Leaving aside the question of whether a soda tax would have been a good idea, it was interesting to see Harold Honickman, owner of Pepsi and Canada Dry bottling operations in New Jersey that provide nearly 20 percent of the city's soft drinks, playing so well with Danny Grace, business manager for Teamsters Local 830, in the political theater that was City Council last Thursday.
In 2005, Honickman brought in replacement drivers and warehouse workers and a security force, allowing him to run his plants at 75 percent capacity while letting the Teamsters hang out on the picket line for a month.
After Mayor Nutter's attempt last year to pass a soda tax, Honickman, his wife Lynne and their children, along with Teamsters, significantly upped their donations to City Council candidates. You can read my colleague Jeff Shield's excellent Philadelphia Inquirer story about the political spending that happened in advance of last Thursday's vote.

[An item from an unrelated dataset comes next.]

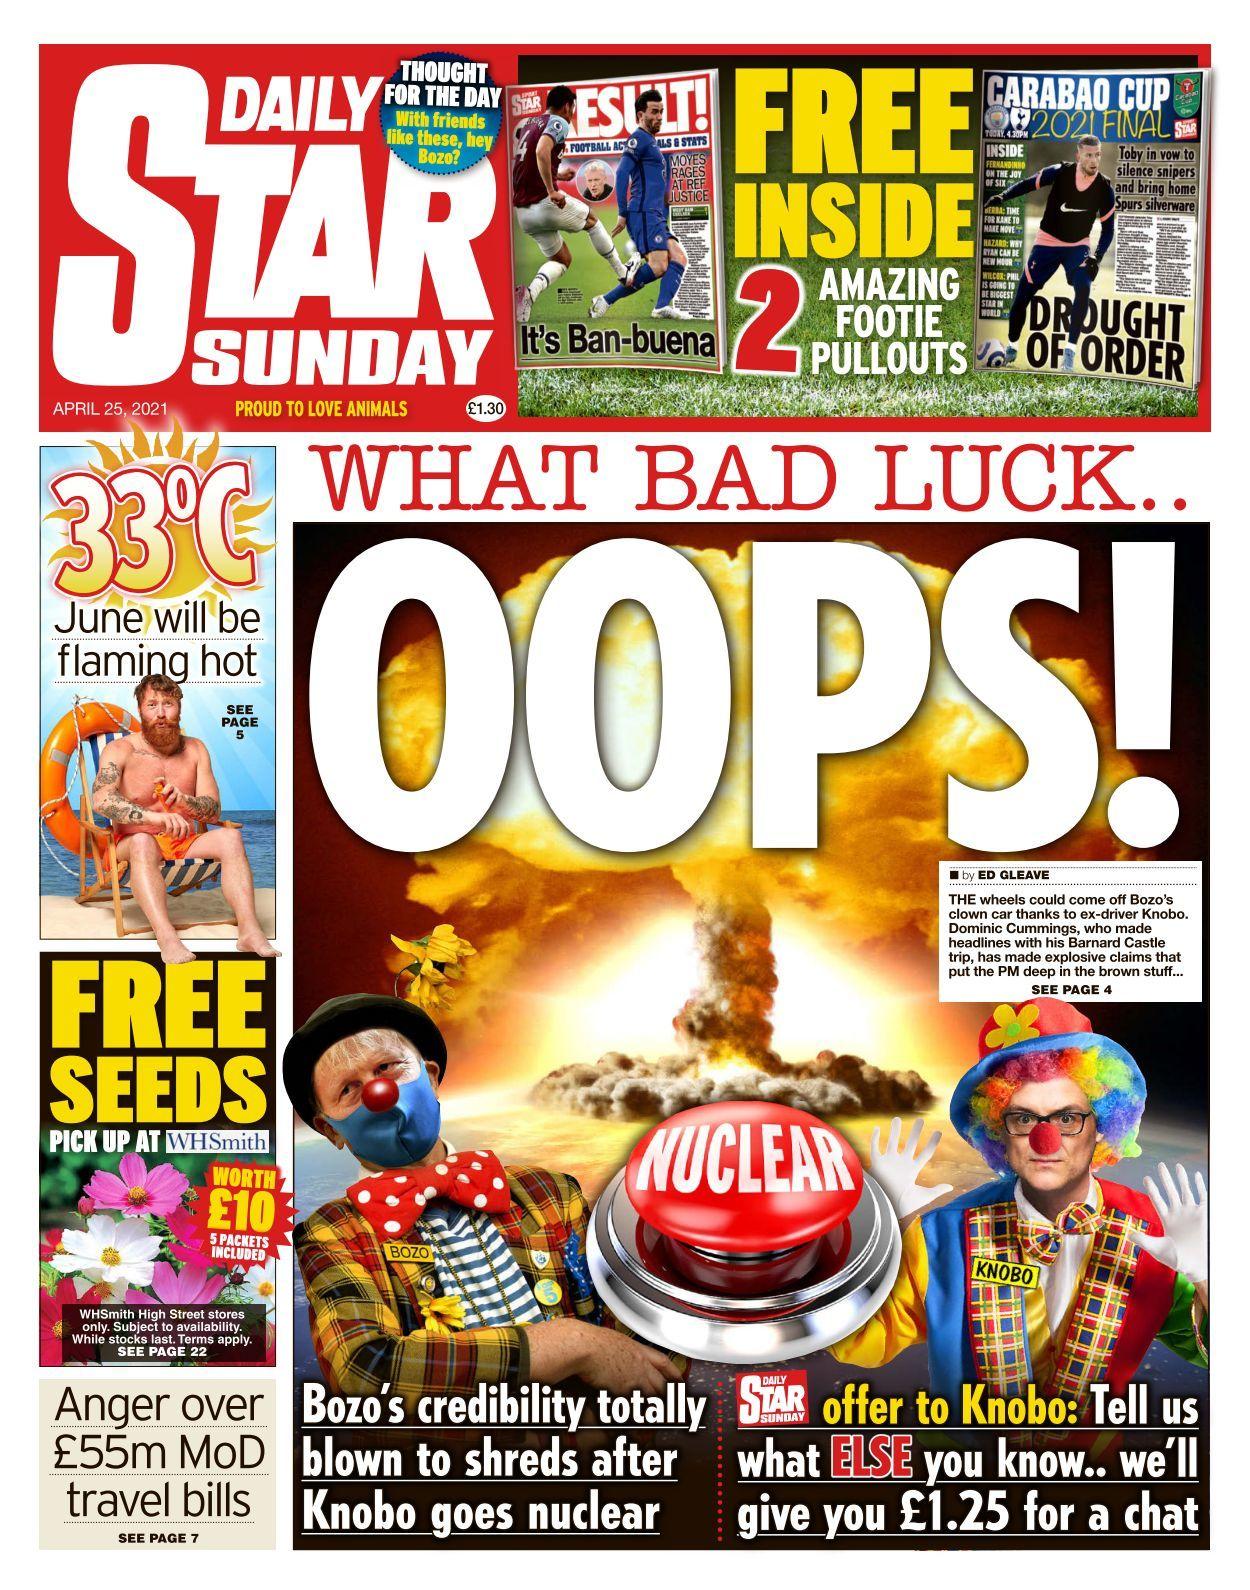 Daily Star Sunday   20 20 20
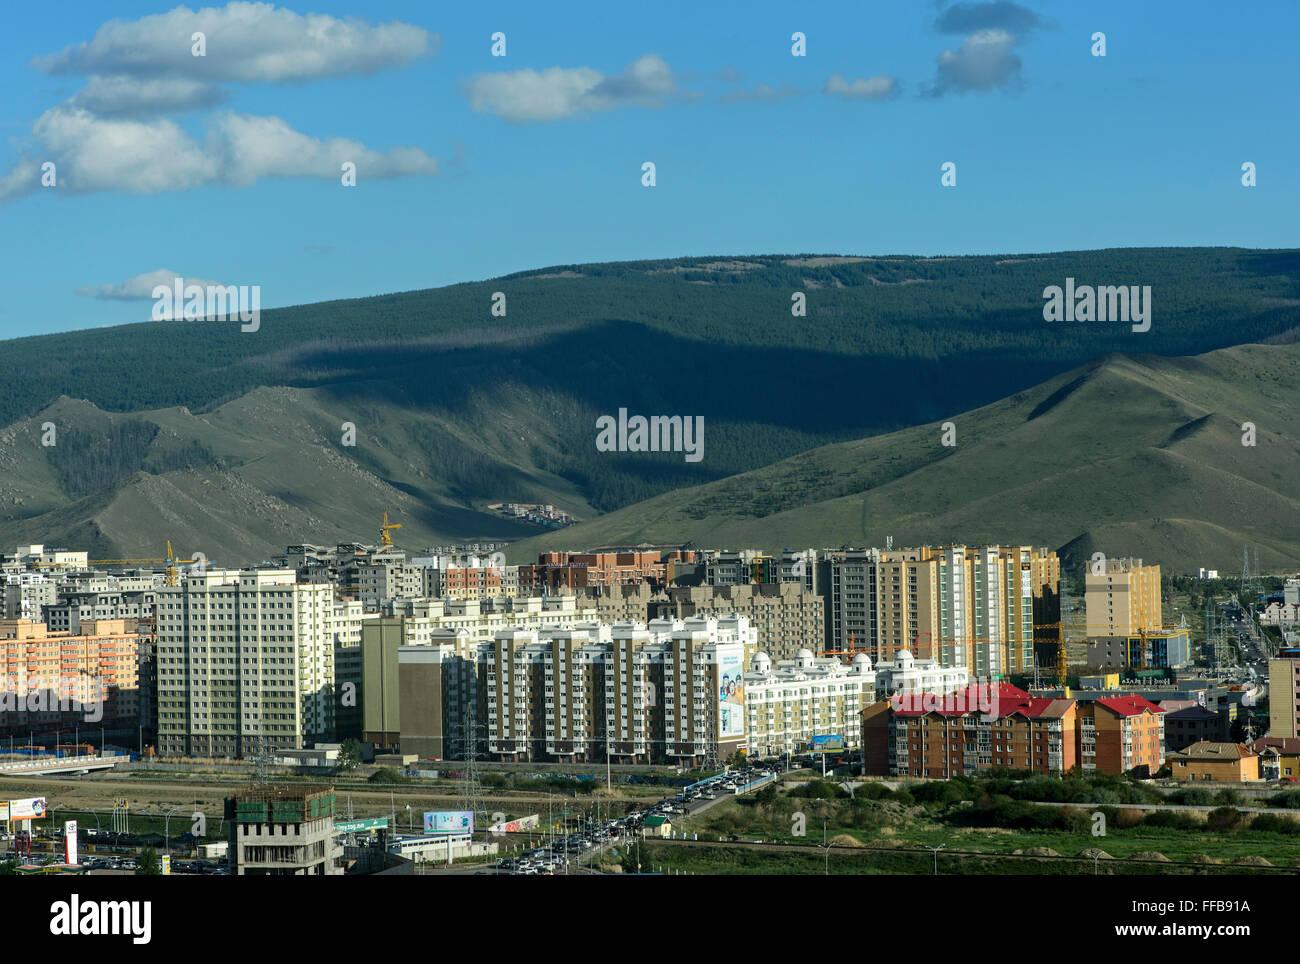 Neubau Wohngebiet, Ulan Bator, Mongolei Stockbild

Here's my comment: For all his money, Honickman probably would have been unable to stop that tax on his own. He needed the Teamsters to show up en masse, to contribute en masse and to provide the kind of visual reminder that may have proved persuasive in City Council. Both the Teamsters and the Honickmans understood that their futures are linked and both were able to cooperate. I've seen it over and over again when it comes to these kinds of issues -- an example that I can remember was joint testimony by the United Steel Workers and owners of steel pipe manufacturing companies. Their issue was competition from China.